Python's threads are OS-level threads (pthreads, windows threads, or such) so rely on OS scheduling.

Python threads will not distribute among cores, due to the semantics of the GIL. C extensions can do better for their private work, but for parallel processing you're often better of doing multiprocessing (tends to be more portable and efficient than multithreading for cores anyway).


The standard library itself is mostly thread-safe, not yet fully. Exceptions are mostly in the places you'ld expect them, like IO. Python won't crash, but there are some things that aren't quite as atomic as you might expect.


There are two modules, the simple thread that provides basic thread objects, and the higher level threading that builds further and provides mutexes, semaphores and such.

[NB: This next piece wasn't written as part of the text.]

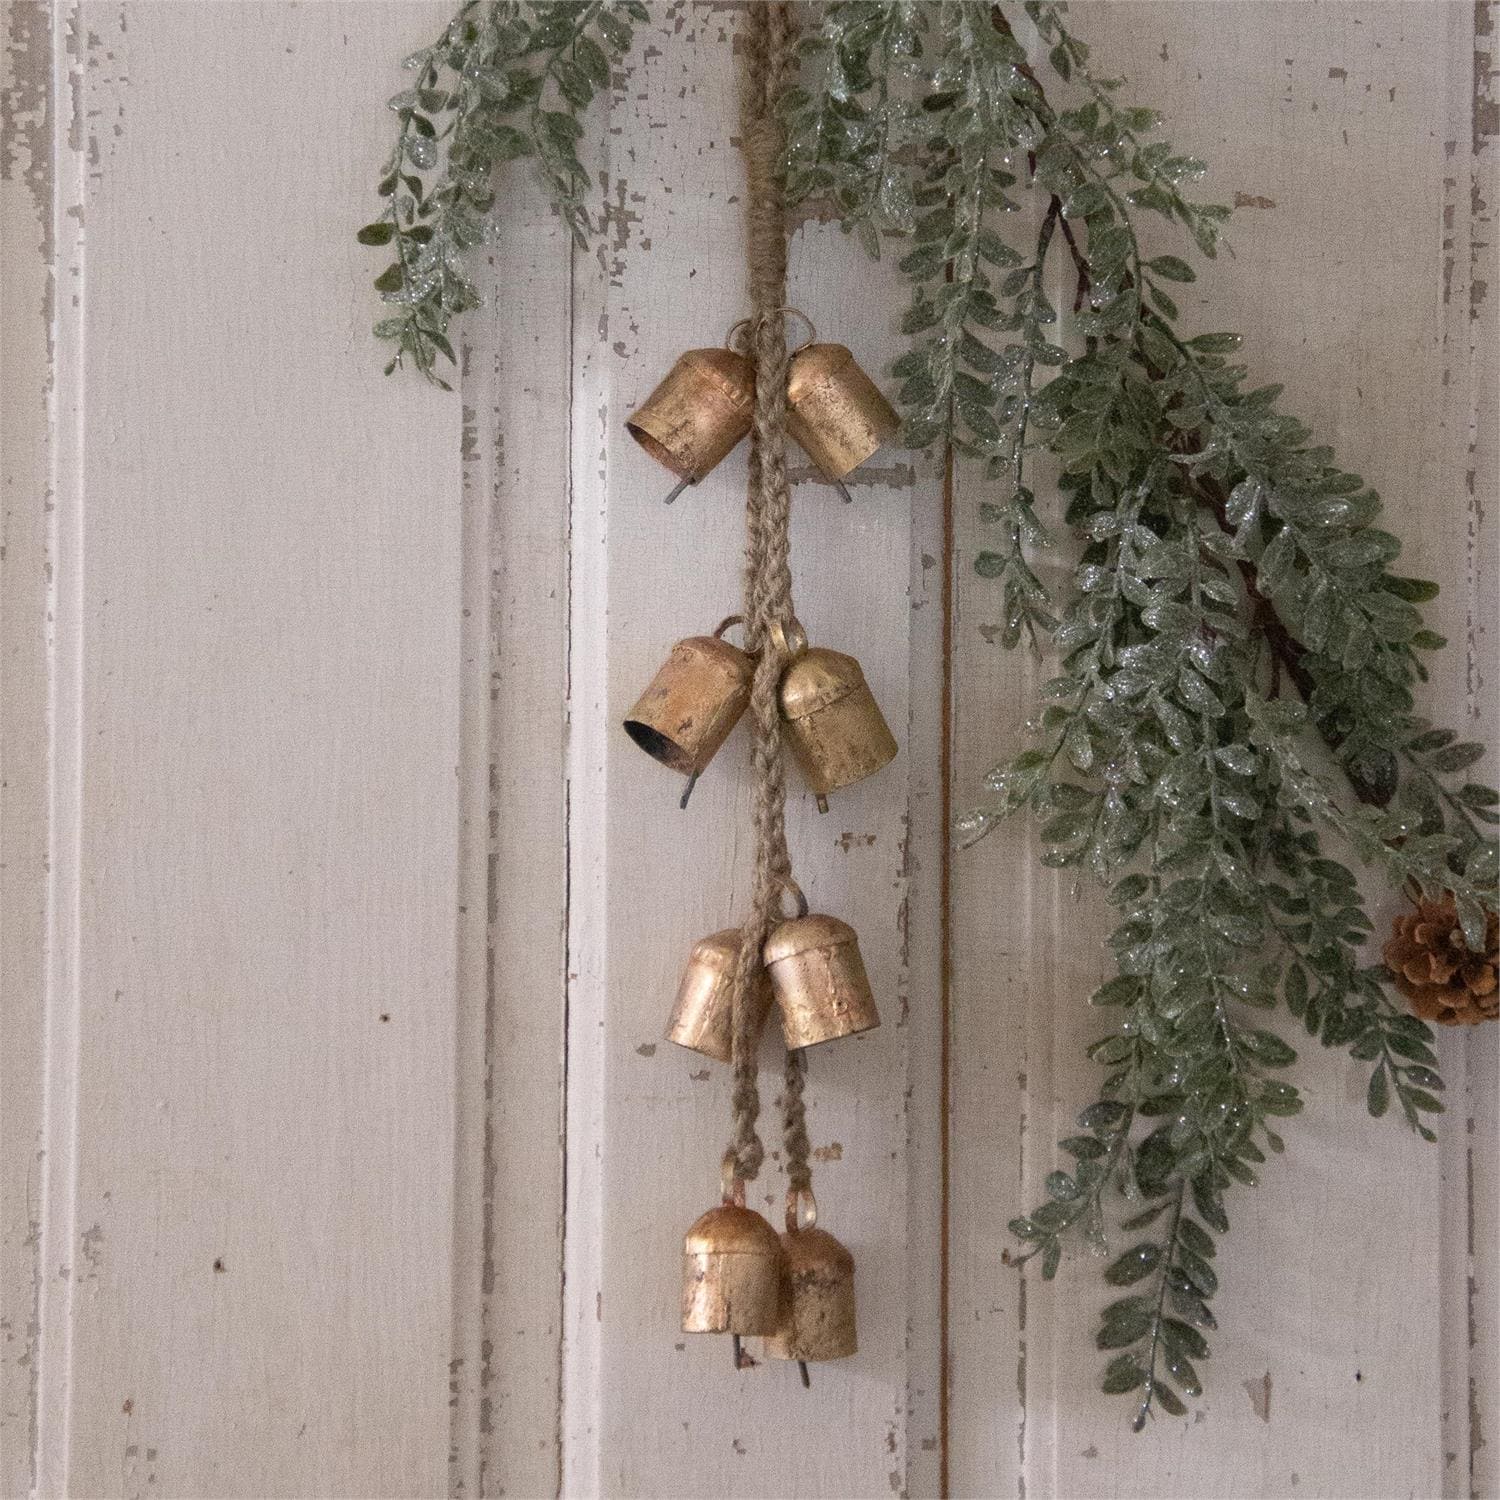 Four Small Brass Bell Hang On Stock Photo 1206522796
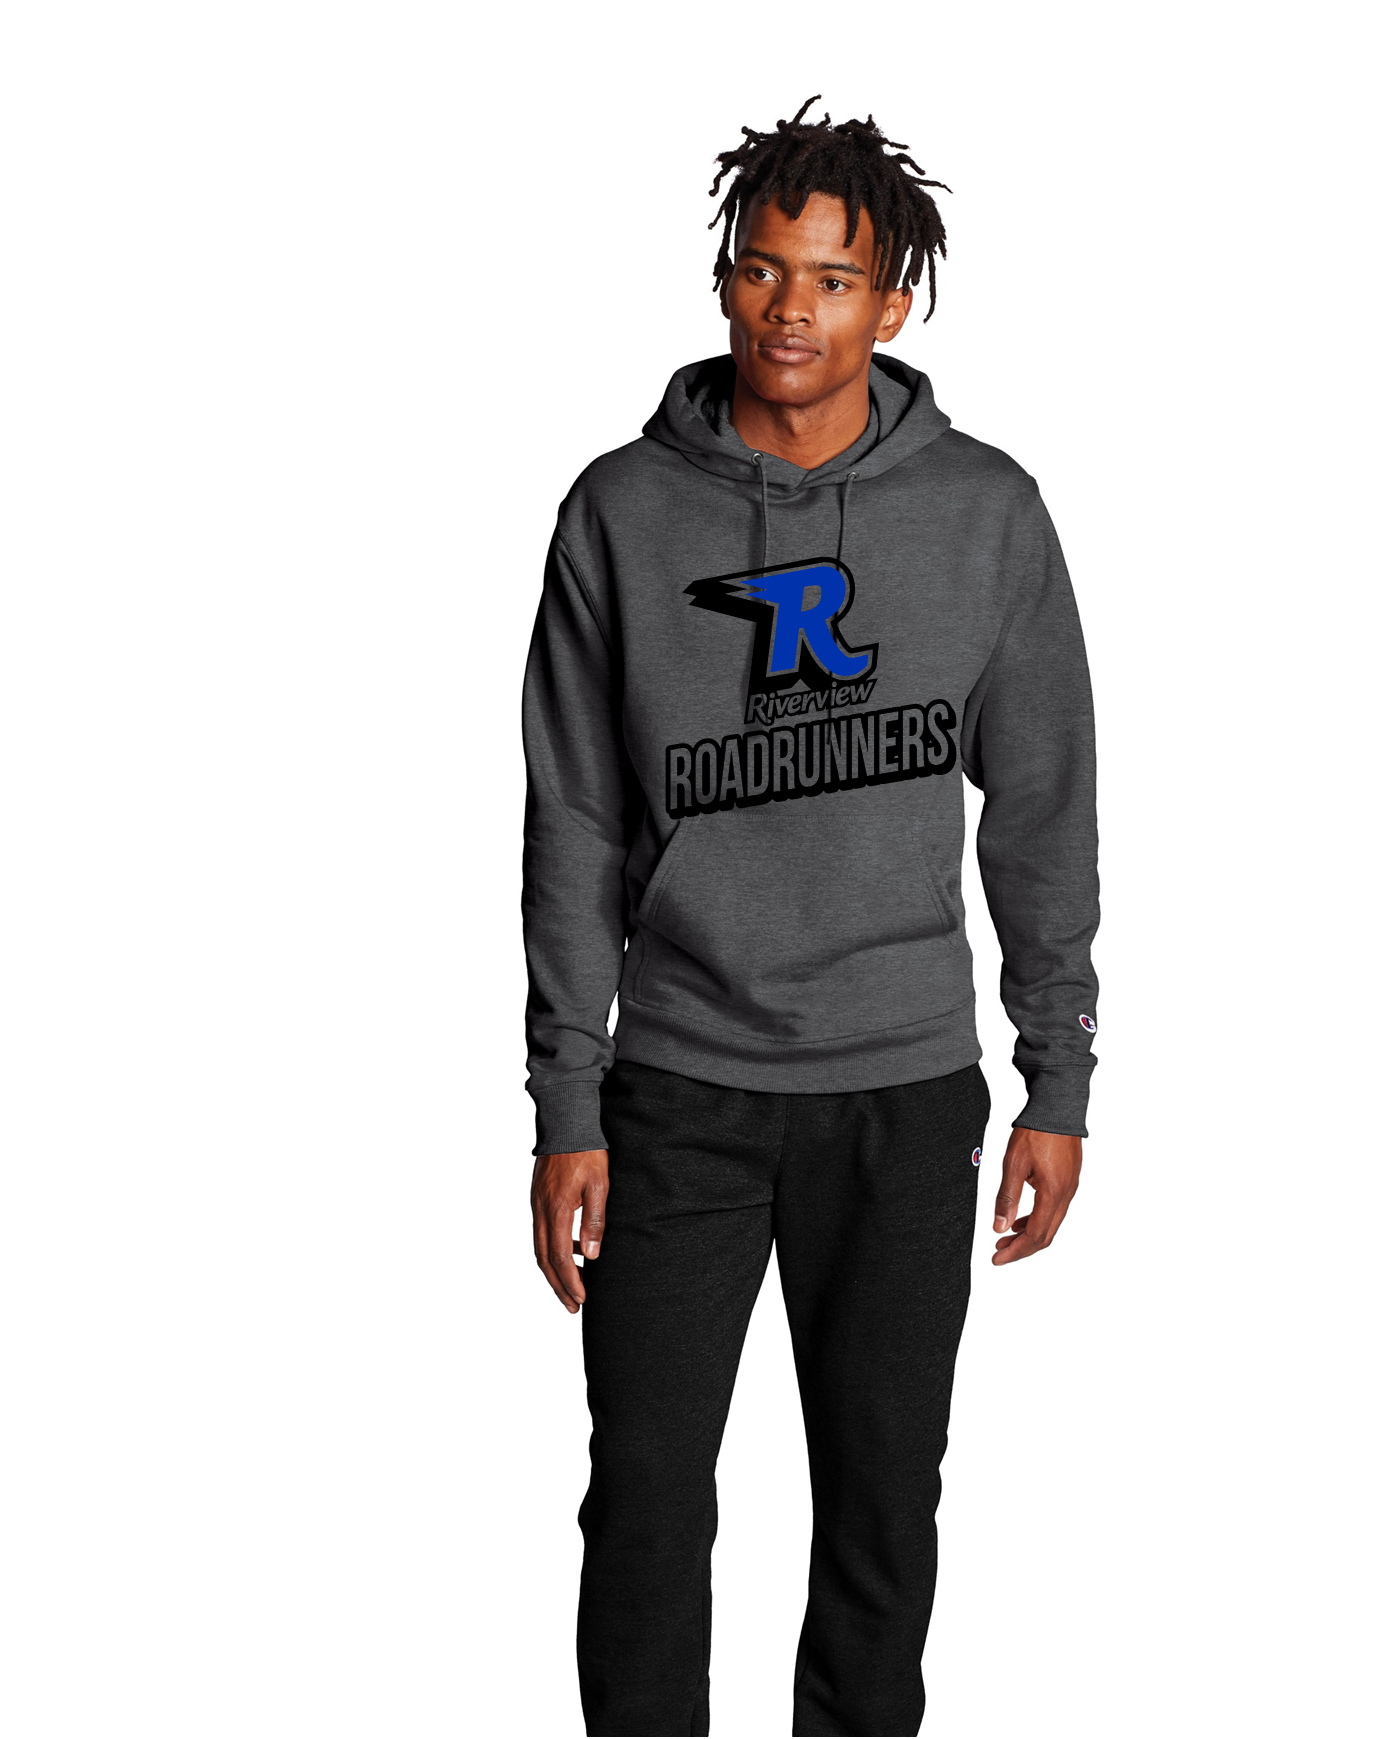 Riverview Roadrunner Charcoal Hoodie~ Youth/Adult

Because in practice (and I paraphrase) 11 out of 10 people don't manage to implement a threaded app correctly, you may want to take a look at stackless and/or frameworks like Kamaelia to save you headaches in the long run.

Or just be conservative about what you share between threads, and how you lock that. Python makes that a little easier than lower-level languages, but there's still plenty room for mistakes.

Or just use it to separate things that won't block each other (...but in this case, also look at event driven systems - they can be more efficient depending on what you're doing).


thread module

The thread module provides threads, mutexes, and a few other things.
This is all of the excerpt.